2. Perché l’appello all’umano non è un talismano
Non c’è un “umano-talismano” se umano significa misura dell’esperienza e dignità della persona. In questa prospettiva — che richiama Splendori e miserie delle intelligenze artificiali. Alla luce dell’umana esperienza di Francesco Varanini — “mettere al centro l’umano” vuol dire:
- Valutare sugli effetti: giudicare i sistemi per impatti su vite e istituzioni, non per la fluenza della parola artificiale.
- Preservare la relazionalità: pratiche come cura, educazione, giustizia dipendono da prossimità, ascolto, riconoscimento.
- Deliberare i fini: valori pubblici (bene comune, equità, inclusione) non si deducono dalla performance tecnica, ma si discutono e si assumono.

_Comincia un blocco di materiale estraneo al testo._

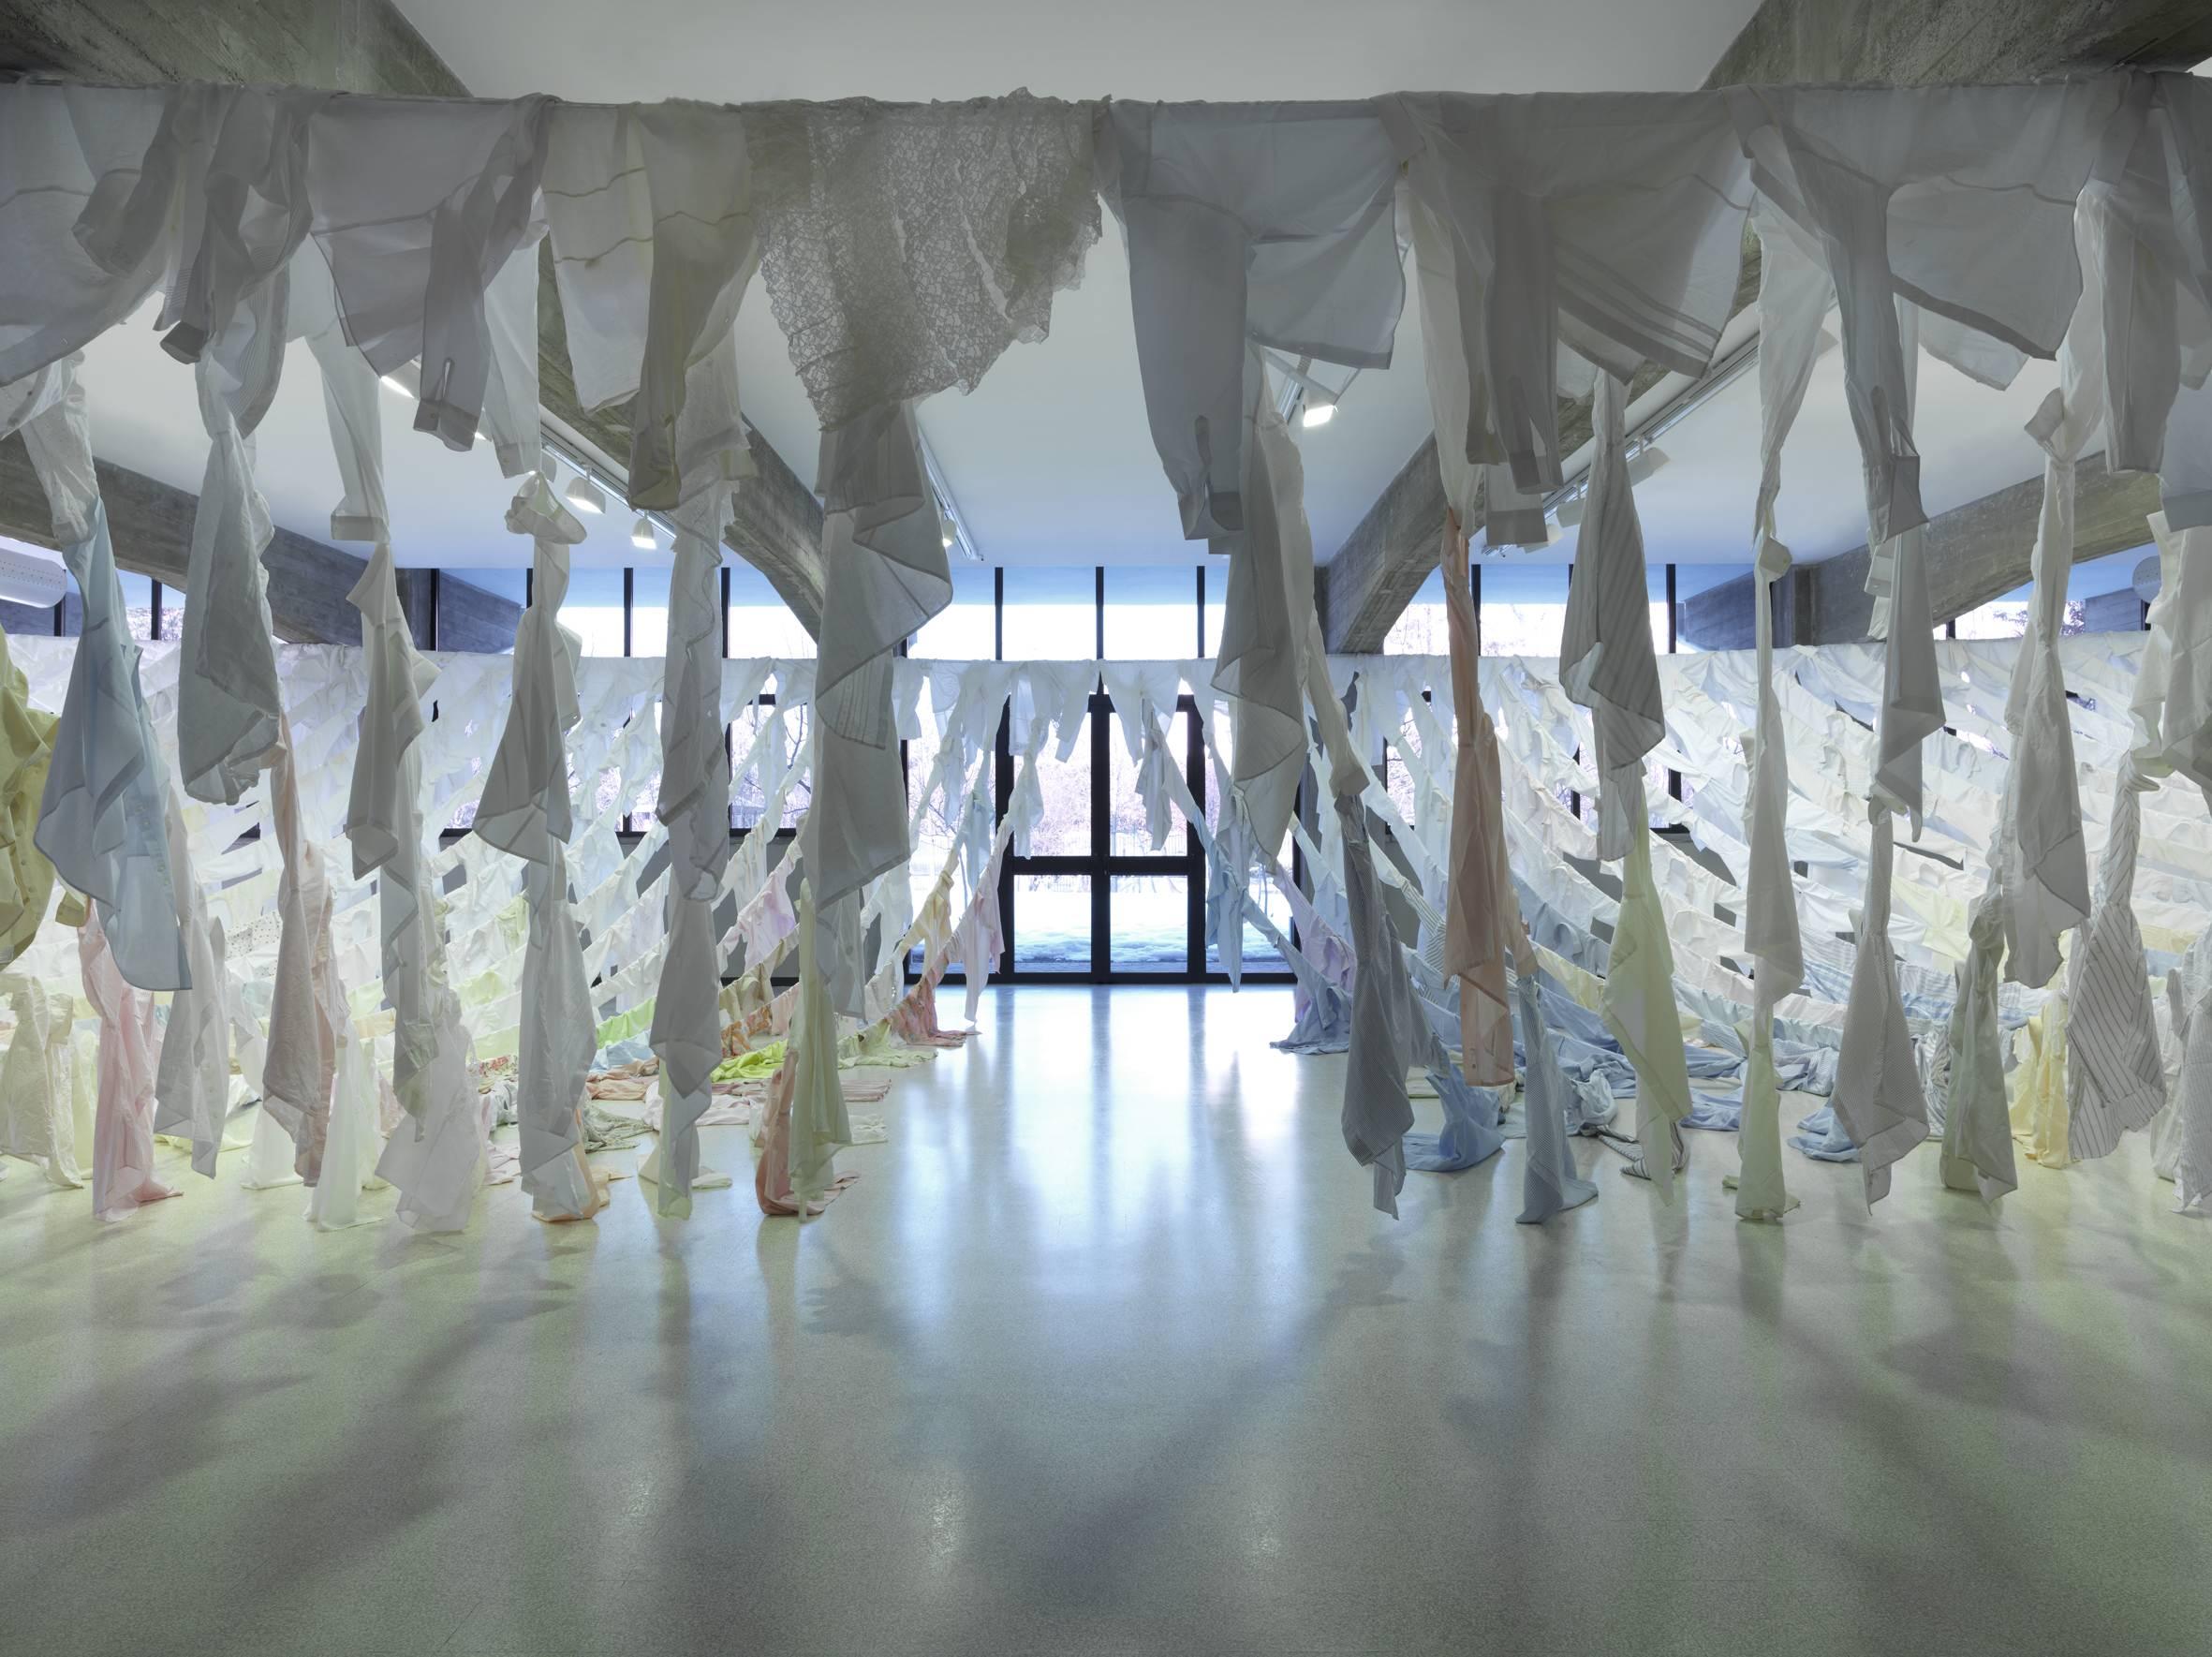 Kaarina Kaikkonen - Are We Still Going On? - veduta dell'installazione presso la Collezione Maramotti, Reggio Emilia 2012 - photo Dario Lasagni

Questa centralità non è nostalgia, ma criterio regolativo: stabilisce quando e come l’IA serve davvero la persona e la comunità. Nessuna santificazione delle forme attuali: ogni configurazione, anche potenziata dall’IA, va riformata quando non promuove effettivamente persone e istituzioni; il riferimento sono fini e limiti espliciti, non il “com’era prima”.
3. Come funziona l’“IA-talismano”
Quando la metrica diventa norma, l’efficienza sostituisce il fine. Si pensi a un risk scoring sanitario che riduce la presa in carico e riconosce pattern rari: il guadagno è reale e va colto. Ma se la metrica diventa norma (“se ottimizza, allora è giusto”), si offuscano domande essenziali: chi è favorito o escluso? quale costo relazionale produce? quali fini stiamo massimizzando?

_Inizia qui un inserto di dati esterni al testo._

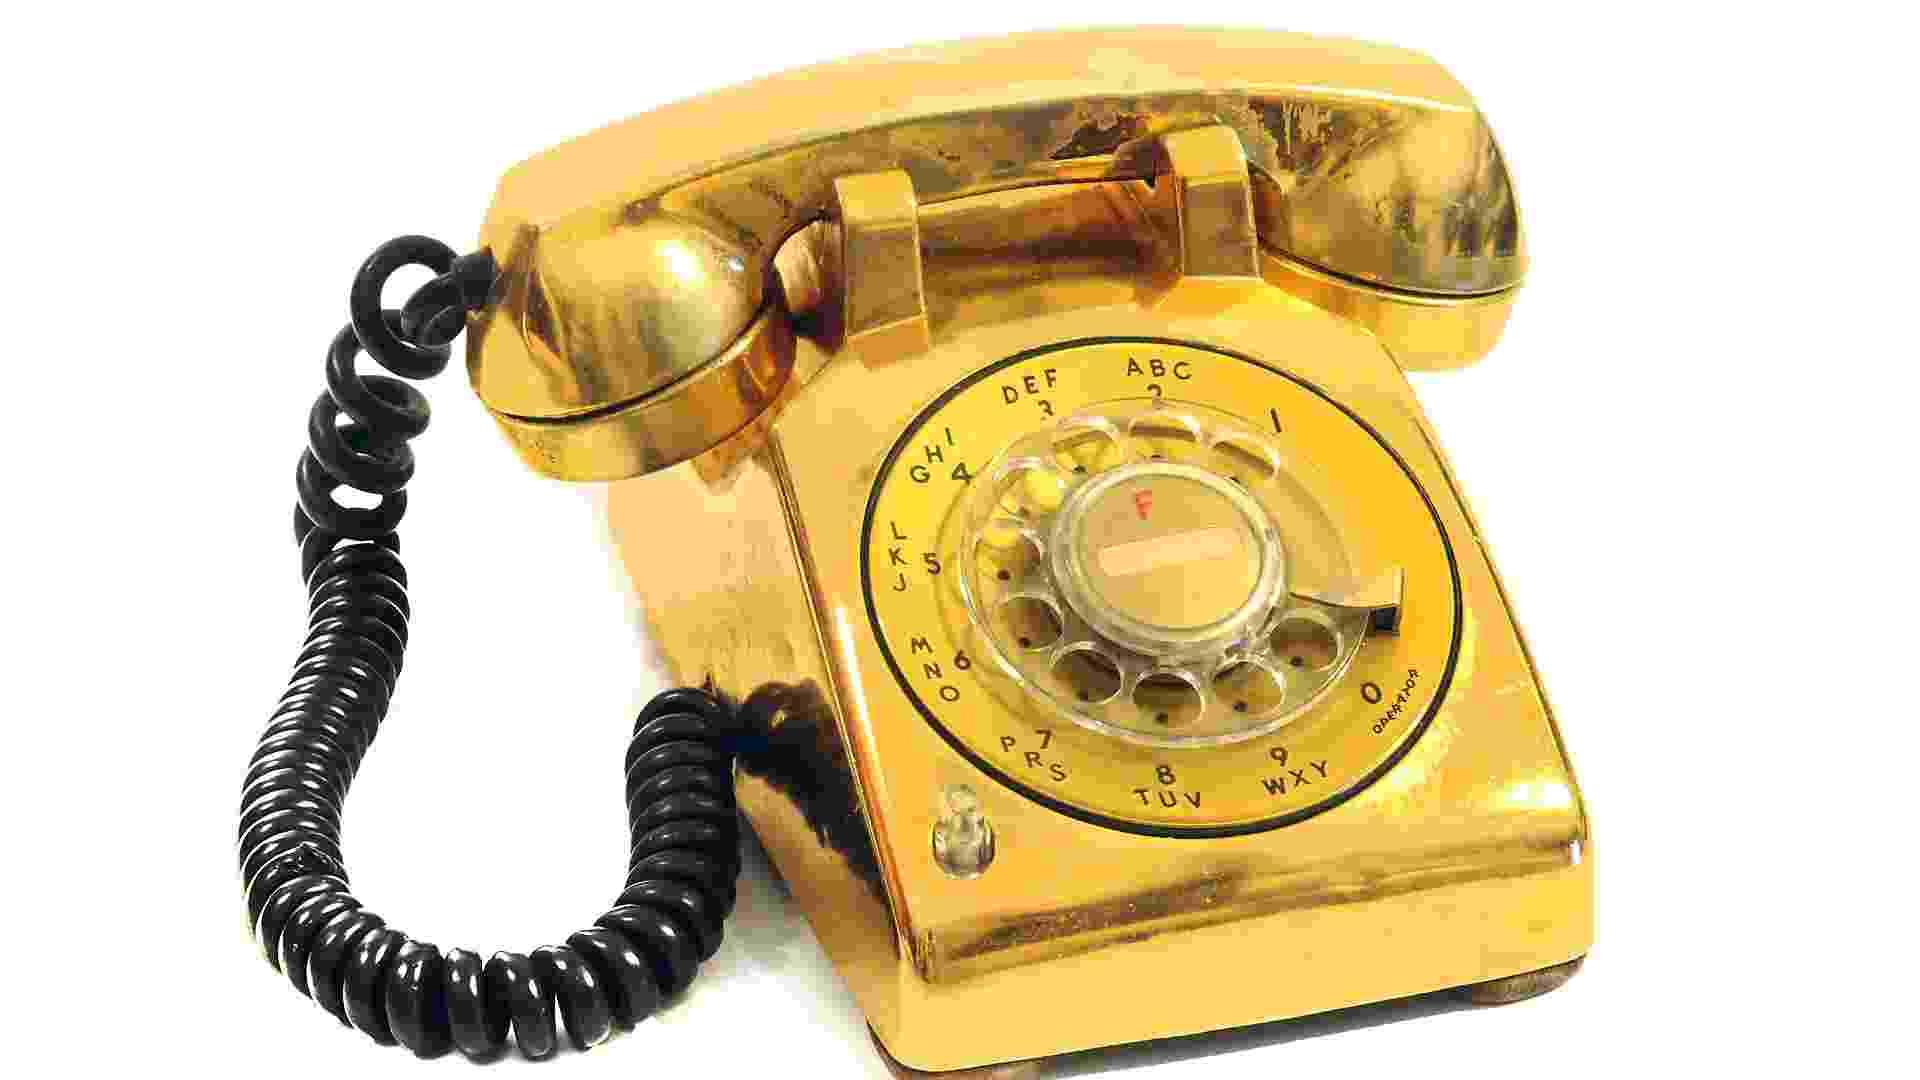 """Item da exposição """"The Elvis Experience"""", que chega ao Brasil em setembro de 2012: o telefone folheado a ouro do quarto de dormir de Elvis - Divulgação"""

Qui la lettura di Domenico Talia (La società calcolabile e i big data. Algoritmi e persone nel mondo digitale) è dirimente: gli algoritmi orientano decisioni, non comprendono significati; trattano il quantitativo, non esauriscono il qualitativo. Ed è utile ricordare un paradosso: quando l’indicatore diventa bersaglio, rischia di sostituirsi al fine. L’efficienza vale solo se misurata rispetto a fini dichiarati e pluralmente giustificati; altrimenti ottimizza ciò che è facile contare e trascura ciò che conta. Proprio dove il valore è relazionale, la scorciatoia performativa produce le perdite più grandi: la democrazia si impoverisce quando i conflitti di valore si riducono a differenze di confidenza statistica.

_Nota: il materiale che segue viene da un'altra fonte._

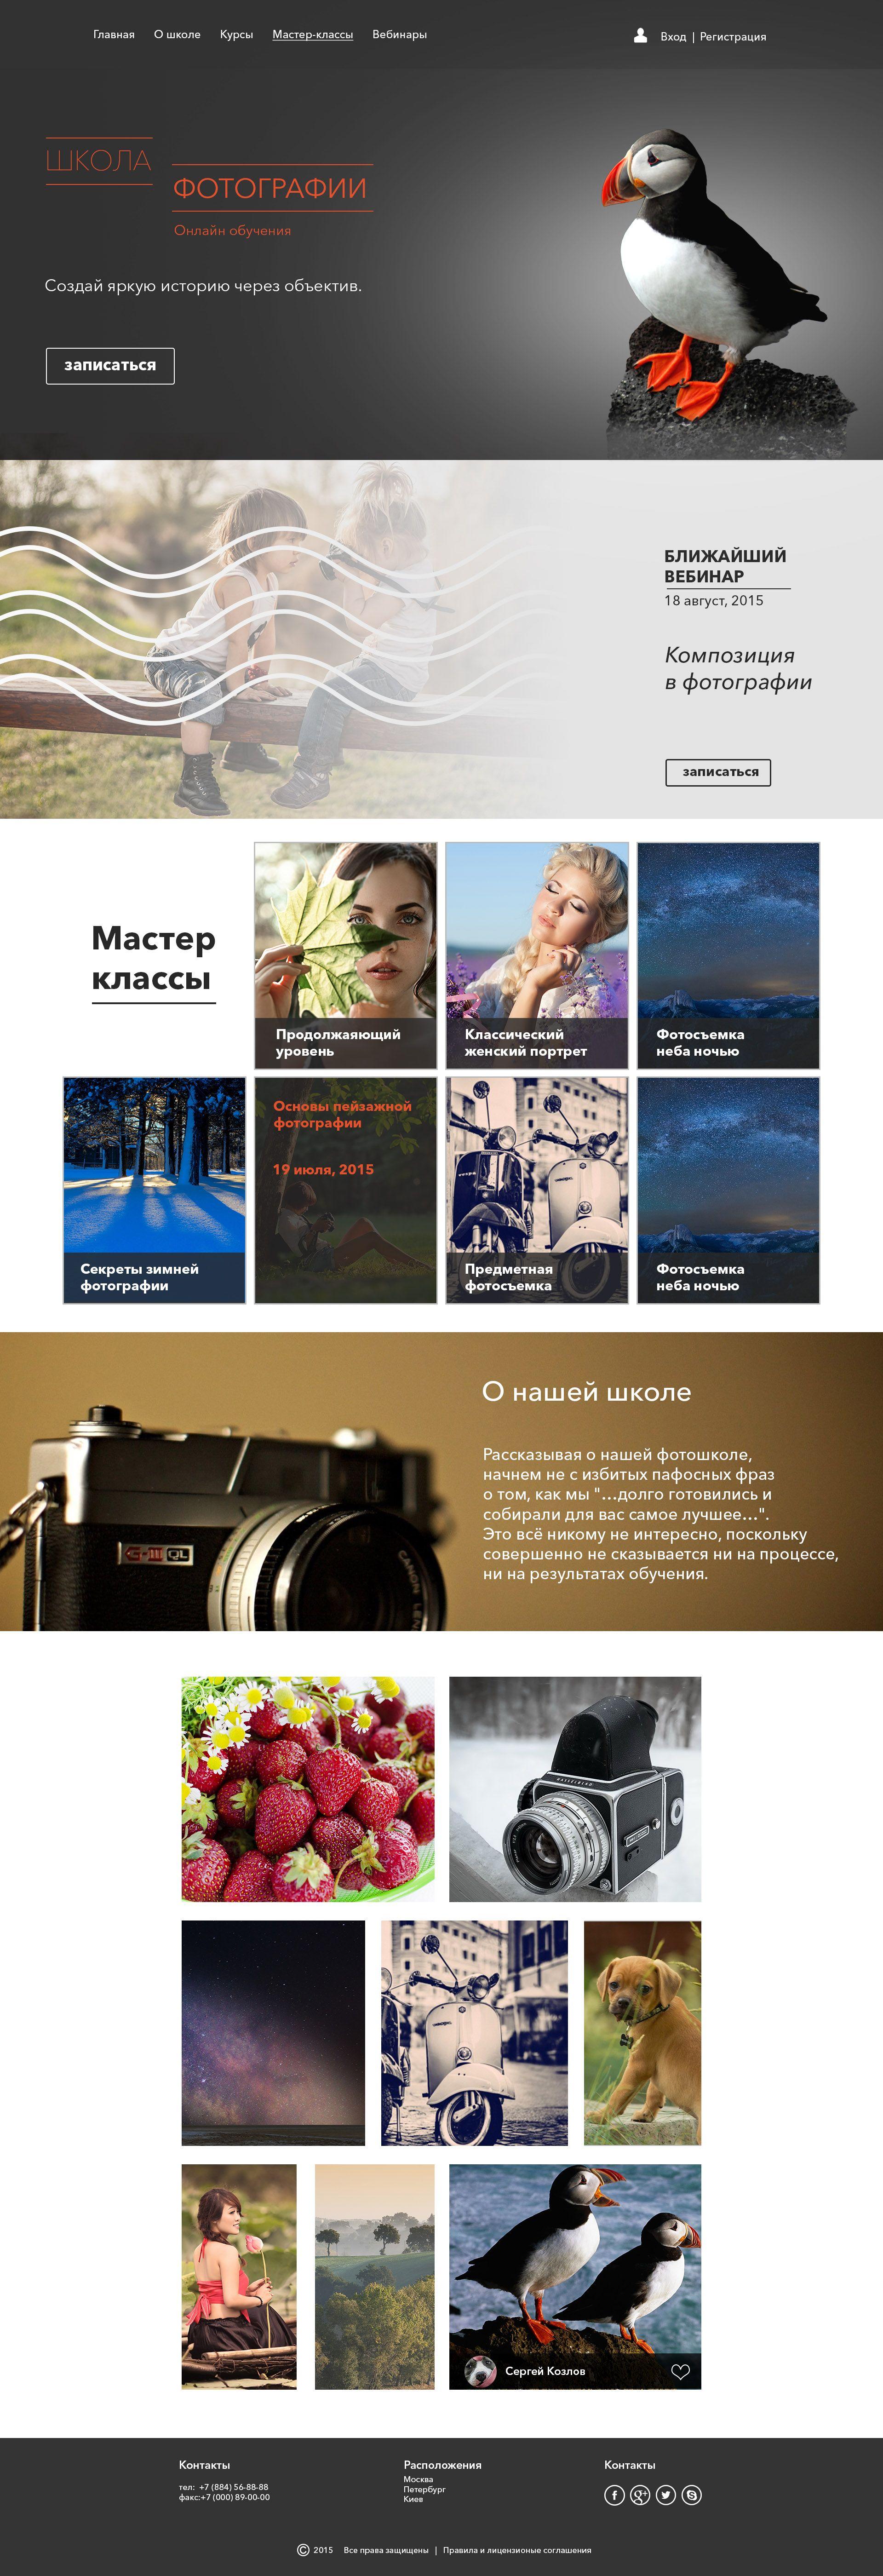 Онлайн обучение фотографии. Главная. - дизайнер Smile

4. La parte vulnerabile del mondo
Quando la relazione è parte costitutiva del servizio — sanità, scuola, assistenza sociale, giustizia — l’IA-talismano rischia di produrre perdite di senso sotto forma di efficienza. Il caso sanitario è esemplare: piattaforme di telemedicina, sistemi di predizione dei rischi e robotica di supporto possono allargare l’accesso e ridurre i tempi, ma se sono progettati solo sulla base di metriche tecniche finiscono per sostituire momenti di ascolto, continuità di cura e possibilità di contestare gli esiti. È questo il nucleo messo in luce da Vulnerabilità digitale. Etica, Intelligenza Artificiale e medicina di Silvia Dadà: la vulnerabilità è la condizione comune (malattia, età, solitudine, barriere linguistiche, povertà digitale) da cui occorre partire per disegnare i servizi.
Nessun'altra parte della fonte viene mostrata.